Power-up! !!
With an app maker that sometimes turns around when watching Twitter Good friends, my boom (words that often mutter), etc ... How often do you do it?
Really? Isn't there something I think?
Oh, it's not business efficiency, but I will write it. This is Rookie. If you are worried about streamlining your work, please refer to here.
Does everyone care about how to get the Twitter timeline and how to handle it? I'm curious. That kind of curiosity is important, isn't it?
It seems to do this.
I came up with it at noon on Wednesday and made it two nights from that day, so the quality of the content is limited.
Do you have a Macbook? If you happen to don't have one now, go to the Apple Shop first. Then you can put Emacs and Python in it for the time being.
--Twitter developer account
You need Consumer Key, Consumer Key Secret, Oauth Token, Oauth Token Secret to get it with API. These can be obtained by registering a Twitter developer account. As a result, you also need a Twitter user account. I forgot which site I saw, but here Please do something.

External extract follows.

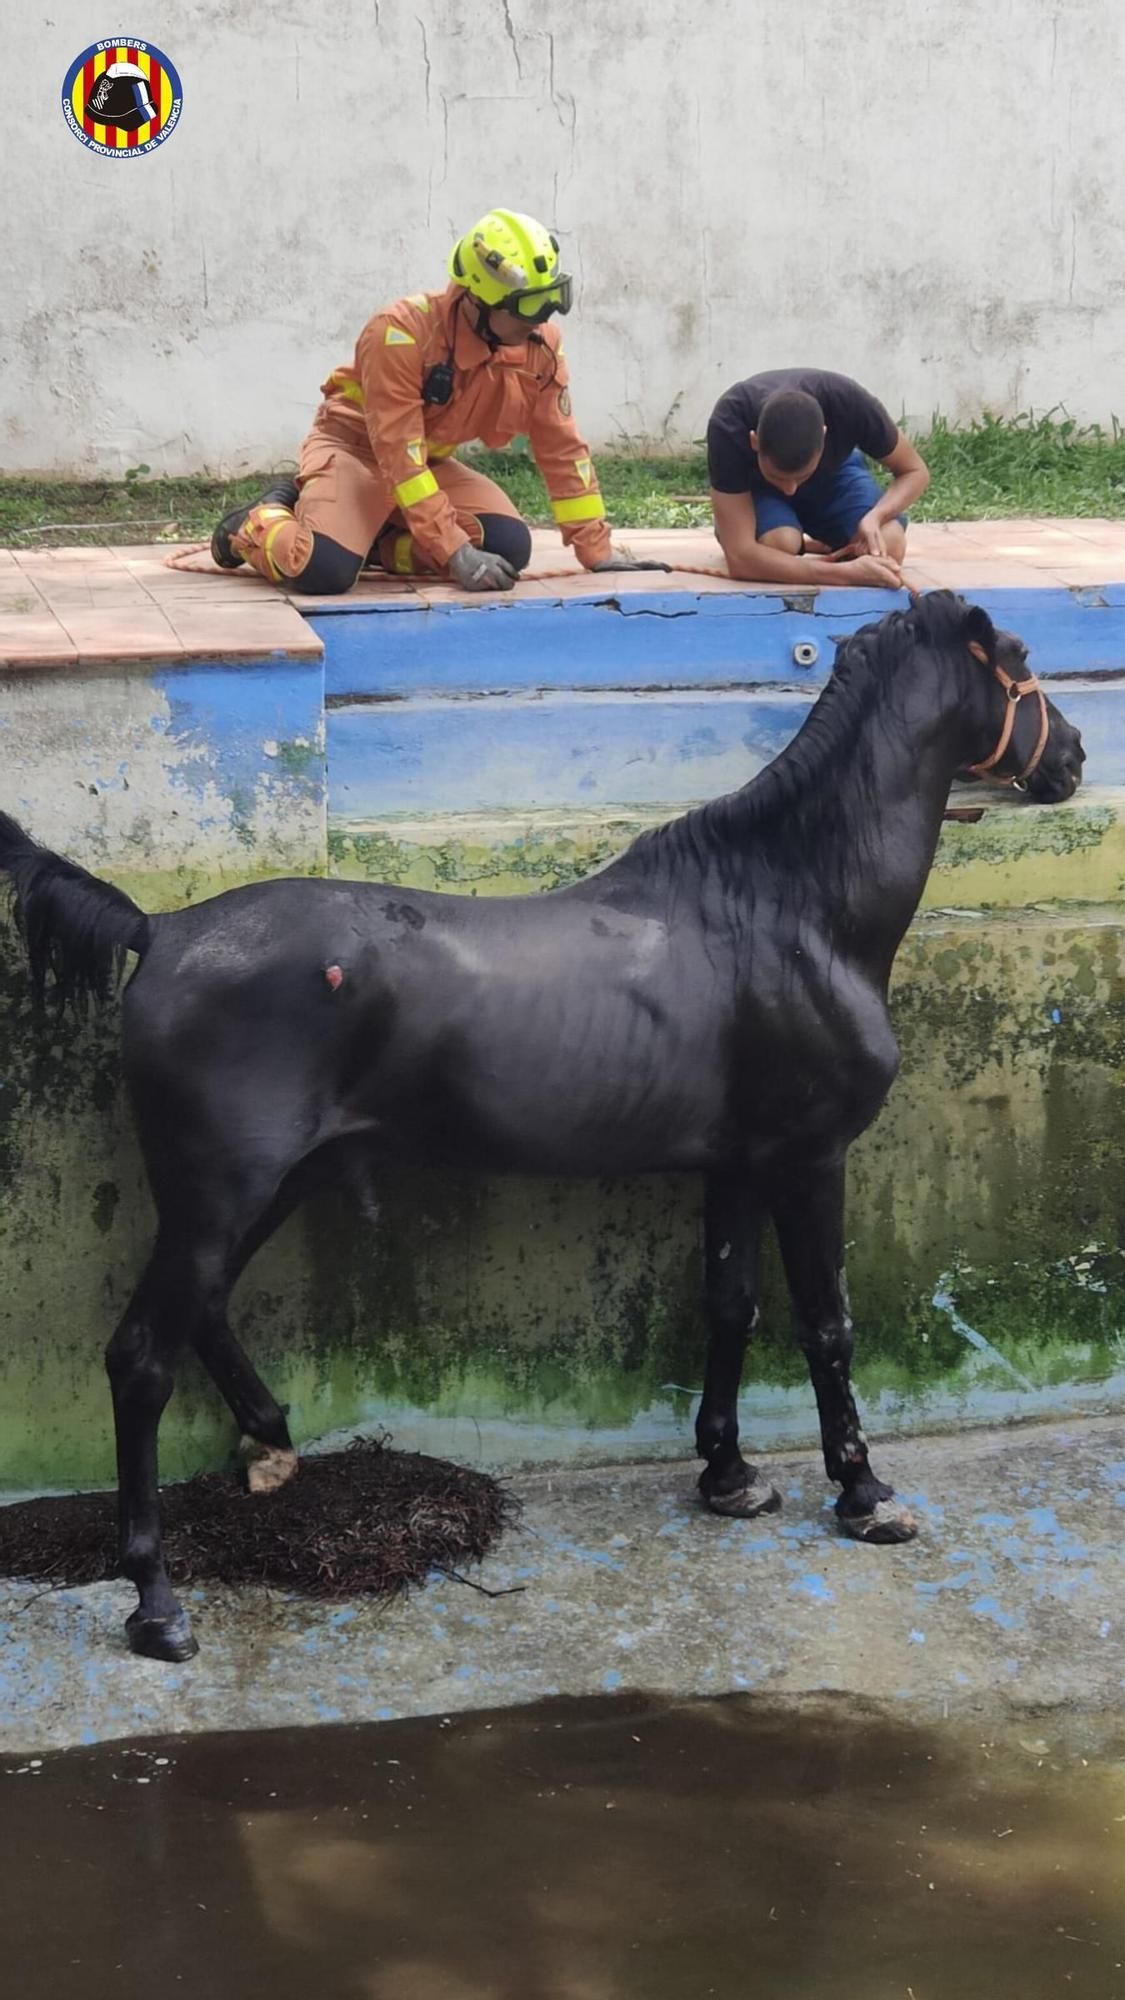 Los bomberos rescatan a un caballo que cayó en una piscina en Bétera

This is also required. Basically, you can drop the zip from the official site and execute binary.
--I like Windows ...
It can't be helped, please here.
--Ubuntu has
Then here.
--Install Macab
Please download and unzip the Source and IPA dictionaries from here. In each
$ ./configure --with-charset=utf8
$ make
$ sudo make install
Then it's OK.
Get the timeline of a specific user with the Twitter API.
user.py
#!/usr/bin/env python
# -*- coding: utf-8 -*-
from requests_oauthlib import OAuth1Session
import json
import MeCab
CK = 'AAAAAAAAAAAAAAAAAAA'
# Consumer Key
CS = 'BBBBBBBBBBBBBBBBBBB'
# Consumer Key Secret
AT = 'CCCCCCCCCCCCCCCCCCC'
# Oauth Token
AS = 'DDDDDDDDDDDDDDDDDDD'
# Oauth Token Secret
url = "https://api.twitter.com/1.1/statuses/user_timeline.json" #this url for getting home timeline
#here can be set ID of tweet (ordered by time), and number of tweets (default is 20, max 200)

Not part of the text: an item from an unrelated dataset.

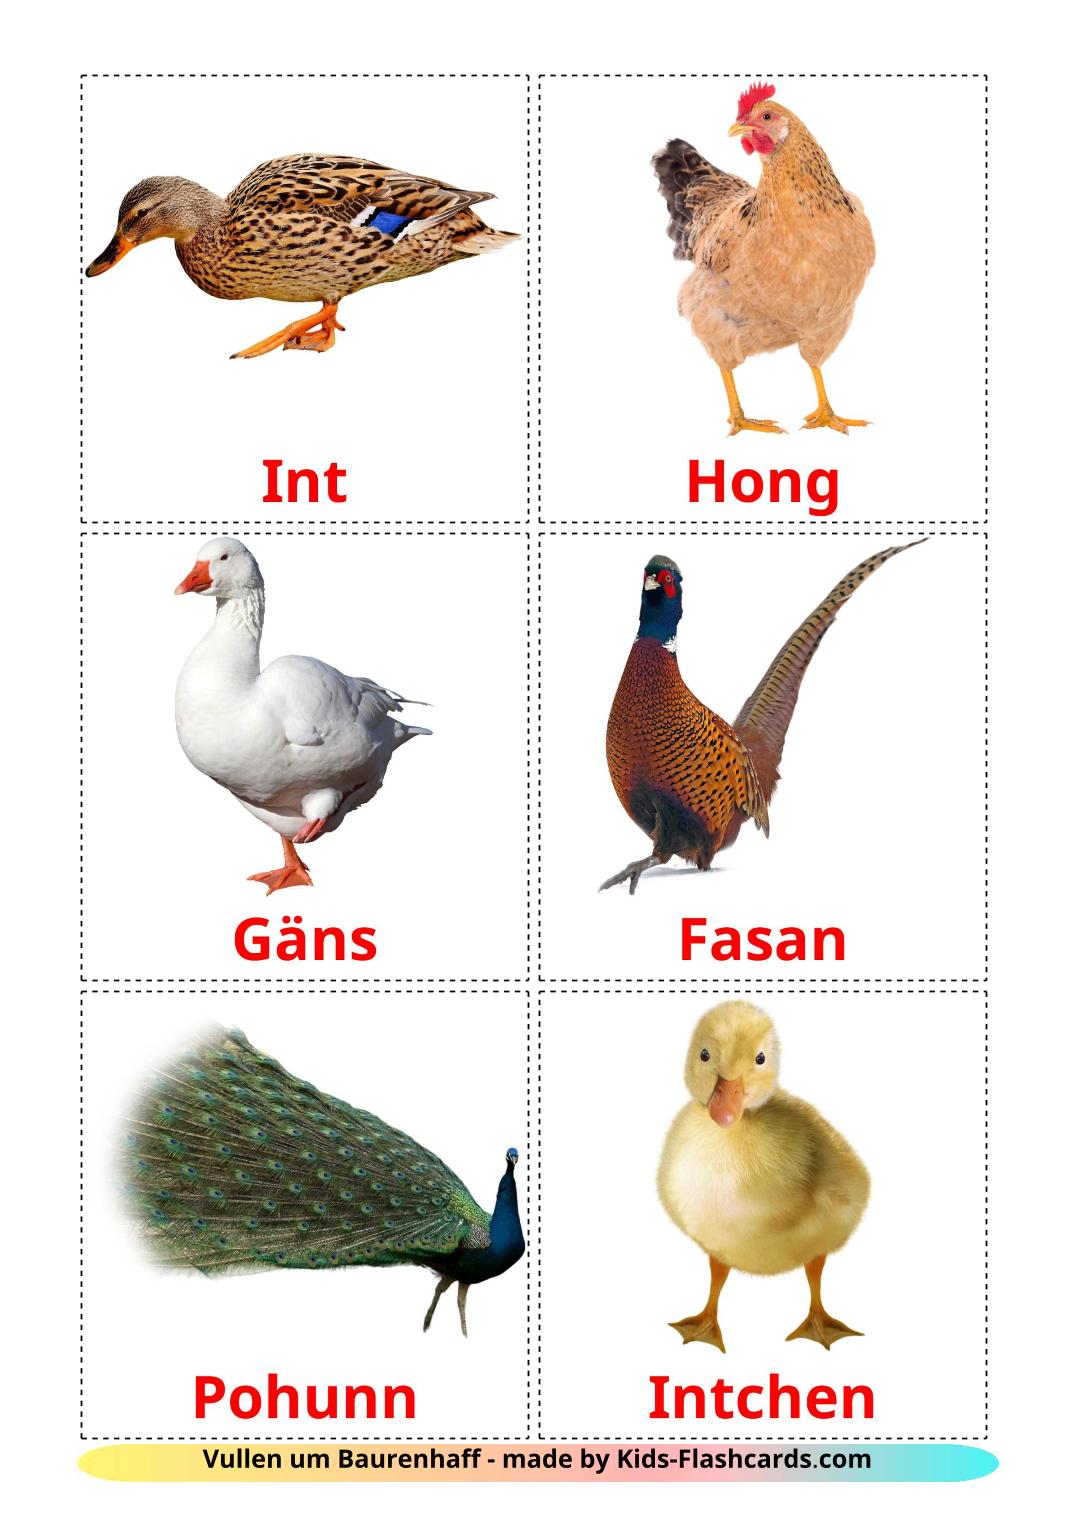 Les Oiseaux de Ferme - 11 Flashcards luxembourgeois imprimables gratuitement

params = {'count':200, 'screen_name':'ACCOUNT'}
# ACCOUNT =When ripping on Twitter@The part displayed by ACCOUNT
# GET request
twitter = OAuth1Session(CK, CS, AT, AS)
req = twitter.get(url, params = params)
f = open("user.json","w")
if req.status_code == 200:
timeline = json.loads(req.text)
for tweet in timeline:
array=[]
for word in tweet["text"].split(" "):
array.append(word)
tweet['words']=array
array=[]
tagger = MeCab.Tagger()
text_str = tweet["text"].encode('utf-8')
node = tagger.parseToNode(text_str)
mecab = []
while node:
pos = node.feature.split(",")[0]
if pos == "noun":
word = node.surface.decode("utf-8")
mecab.append(word)
elif pos == "verb":
word = node.surface.decode("utf-8")
mecab.append(word)
node = node.next
tweet['mecab']=mecab
json.dump(tweet, f)
f.write('\n')
else:
print("Error: %d" % req.status_code)
If you want your own TL
timeline.py
...
url = "https://api.twitter.com/1.1/statuses/home_timeline.json"
...
params = {'count':200}
...
For those who want the results of tweet search
search.py
...
url = "https://api.twitter.com/1.1/search/tweets.json"
...
params = {'q':'Megu Aoshima', 'count':'200'}
...
is.
The Logstash config file is required. It is specified at startup.

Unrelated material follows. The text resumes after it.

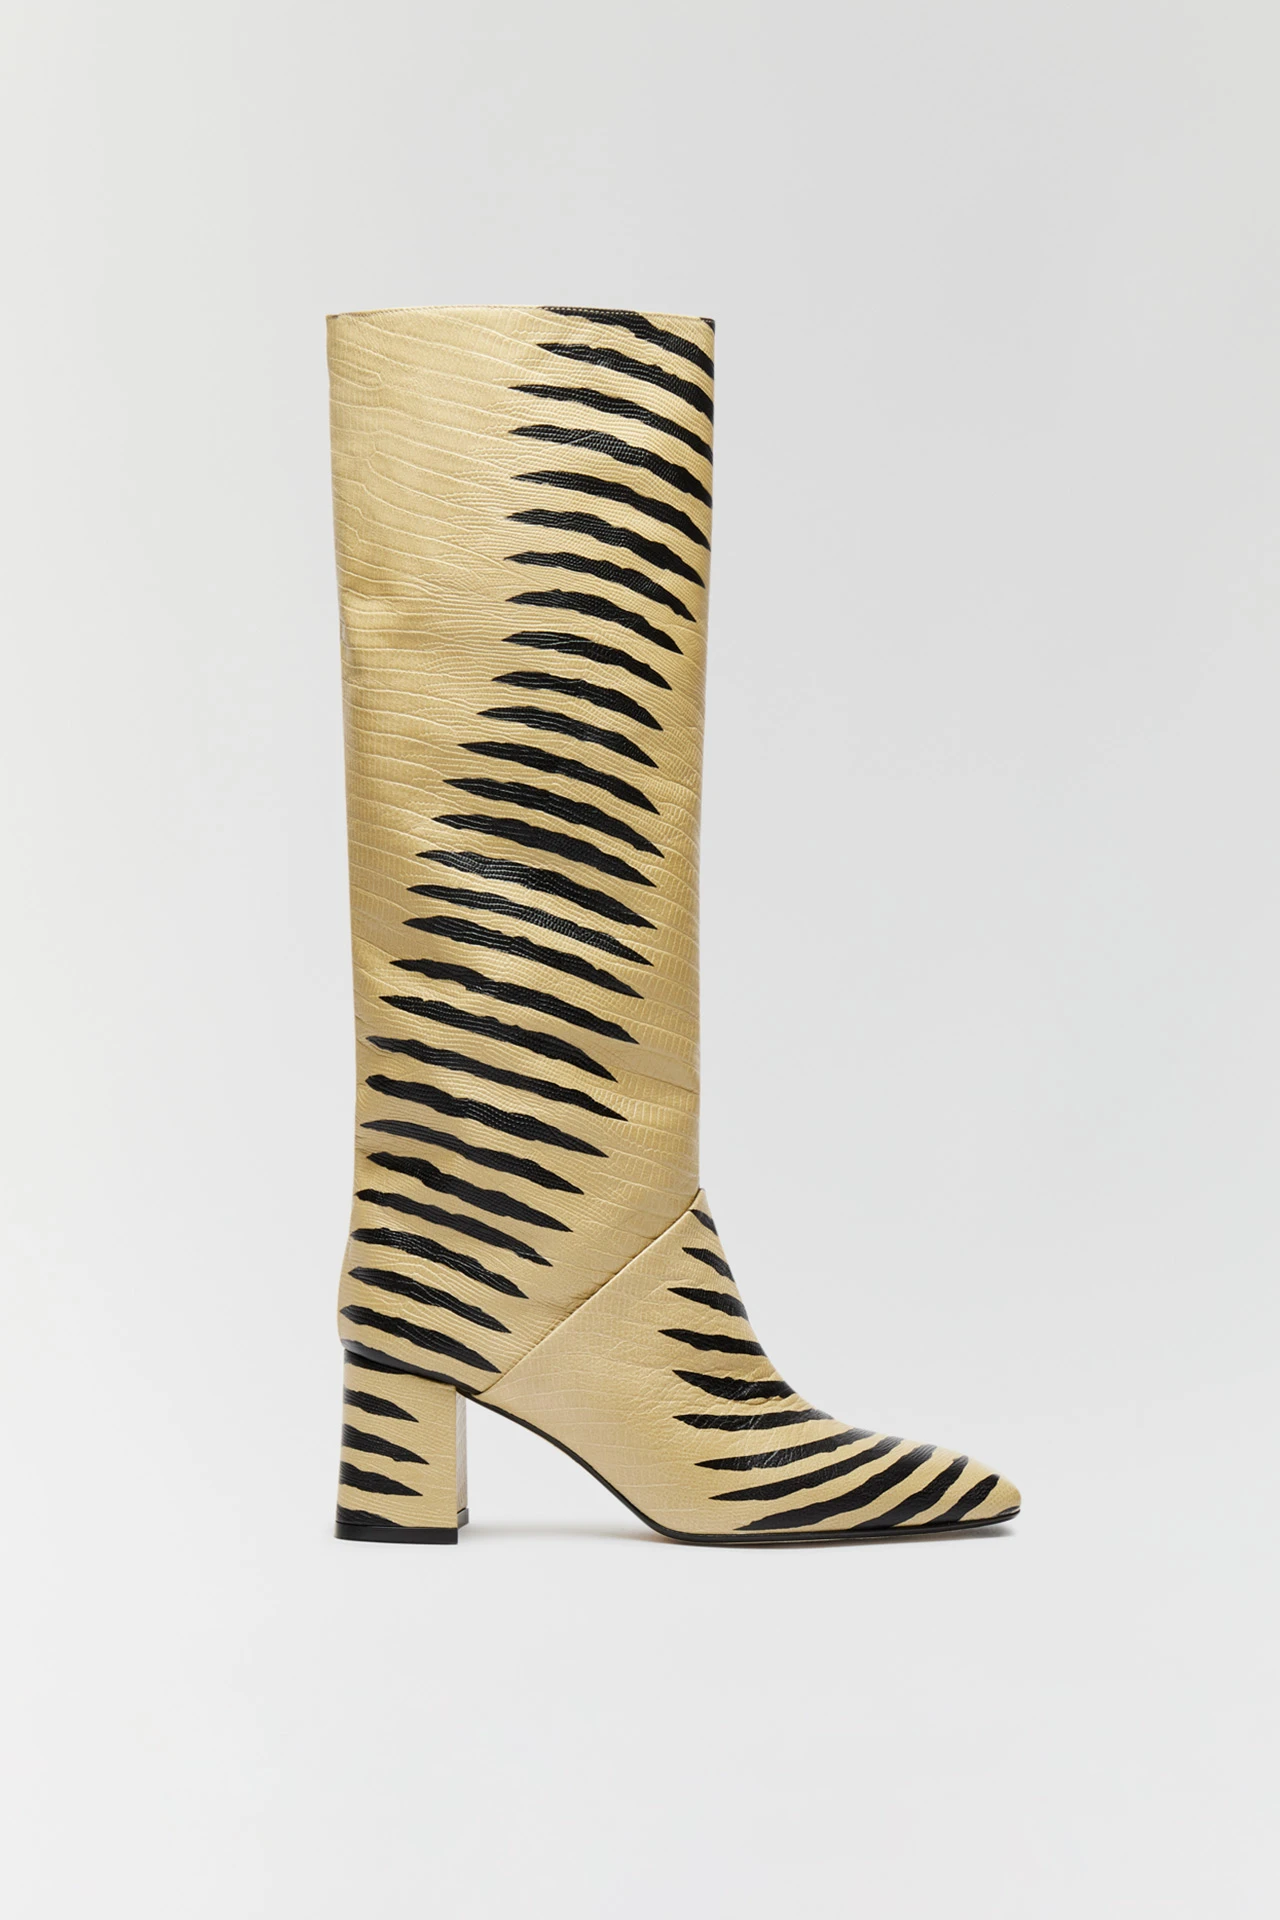 miista-finola-camel-black-cebra-print-tall-boots-1

(People who start with service should put it under /etc/logstash/conf.d/
)
logstash.conf
input {
file {
path => "/Users/you/py/timeline.json"
start_position => "beginning"
type => "timeline"
codec => "json"
}
file {
path => "/Users/you/py/user.json"
start_position => "beginning"
type => "user"
codec => "json"
}
}
filter {
date {
match => [ "created_at" , "EEE MMM dd HH:mm:ss Z yyyy"]
target => "created_at"
}
grok {
match => { "created_at" => "%{YEAR}-%{MONTHNUM}-%{MONTHDAY}T%{HOUR:tweet_hour:int}:%{MINUTE}:%{SECOND}.000Z"}
}
ruby {
code => "event.set('[tweet_hour]', event.get('tweet_hour') + 9)"
}
if [tweet_hour] > 23 {
ruby {
code => "event.set('[tweet_hour]', event.get('tweet_hour') - 24)"
}
}
}
output {
elasticsearch {
hosts => ["localhost:9200"]
index => "twitter-%{type}-%{+YYYY.MM.dd}"
}
}
The rest of the Elastic Stacks do a good job.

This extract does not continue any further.